At one point in Supposed Home, Hamashima uses magical realism to dissect and claim ownership over “Asian glow,” the nickname given to the flush some East Asian people experience when they consume alcohol. When one of his characters drinks sake, she starts to radiate red and orange, sweating as her entire body provides light to a dark cave. “It was so cool seeing kids giggling and parents give knowing glances to each other,” Hamashima said, adding that he wants his Asian American audiences to be in on the joke, not the butt of it.

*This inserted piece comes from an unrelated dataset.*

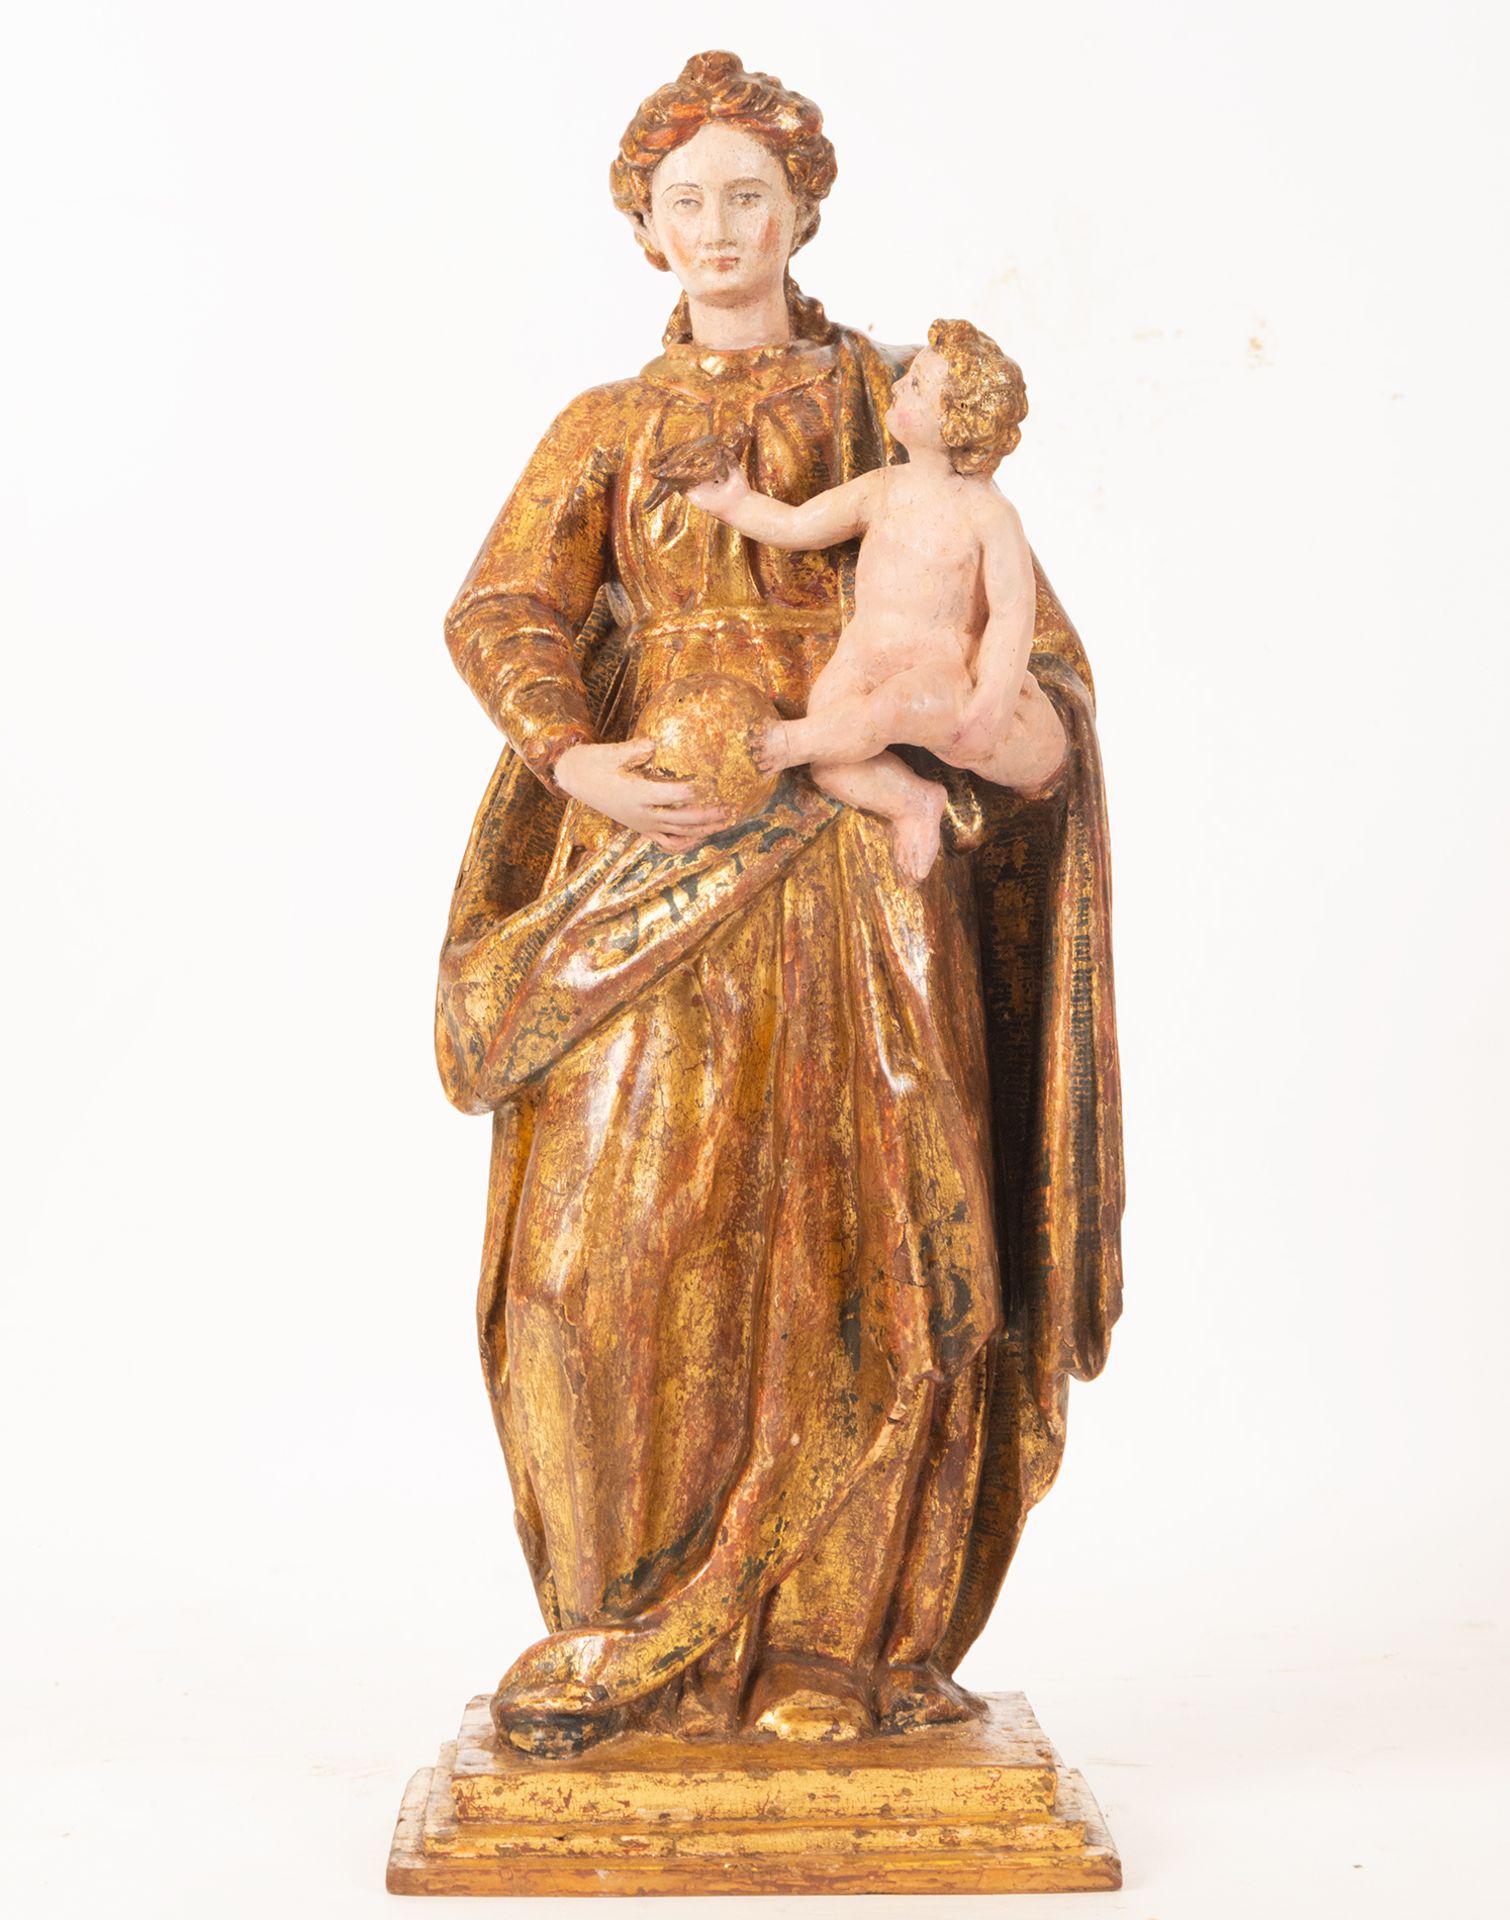 Important Virgin with Child in her arms, Hispano-Flemish school of the 16th century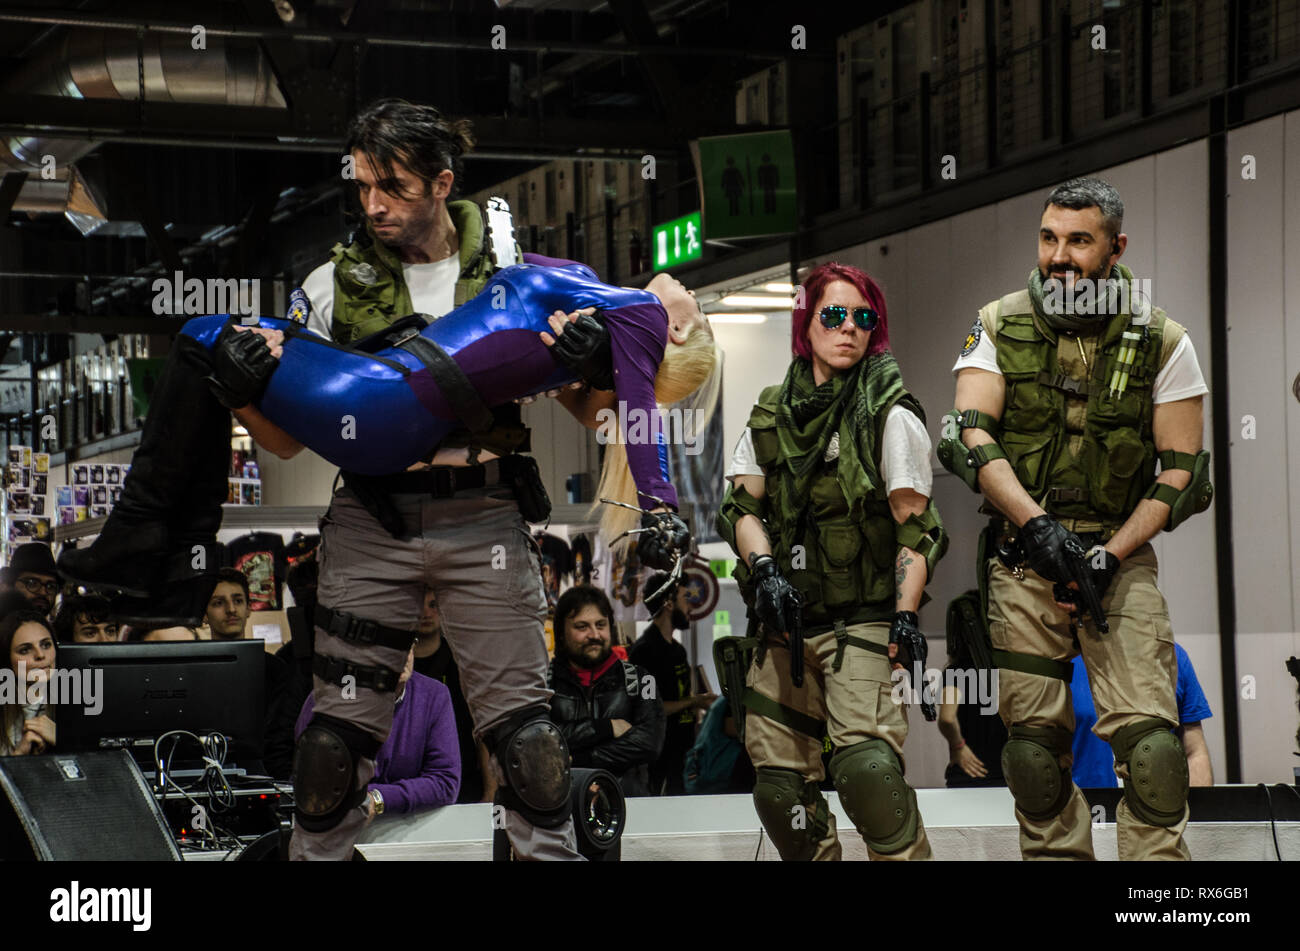 Milan, Italy. 8th Mar 2019. Resident Evil Reenactment group performs a show during Cartoomics in Milano. March 8th, 2018 Credit: Pandarius/Alamy Live News Stock Photo

“For the longest time, I was scared to write,” Hamashima said. “I think in spoken word and I think in metaphor and I think in Japanese anime action sequences. I was like, ‘Is there something wrong with me?’ But no. It’s that you’re different—and if you’re different we should hear that voice.”
That’s good advice for all of us. I didn’t truly embrace that difference until 2015, when I drove from Washington, D.C., to Seattle to start a new chapter of my life. I put down roots in a city covered in grey skies, filled with friends I hadn’t yet met. My “MFA” wasn’t time spent in a classroom. It took the form of a cross-country move, a practice of creating nearly unproducible plays, and an active decision to learn from every opportunity. It was here in Seattle that I began to fill my pages with screaming mermaids, football drills that feel like ballets, and satellites and planets who sing to each other.
I think that’s our duty as playwrights: to listen to our voices and spend each day learning to translate those voices onto the stage.
Danielle Mohlman is a nationally produced feminist playwright based in Seattle. She is an alumni of both the Umbrella Project Writers Group and Arena Stages’ Playwrights Arena cohort. Her play Dust will receive a world premiere in May 2020 at Dacha Theatre in Seattle.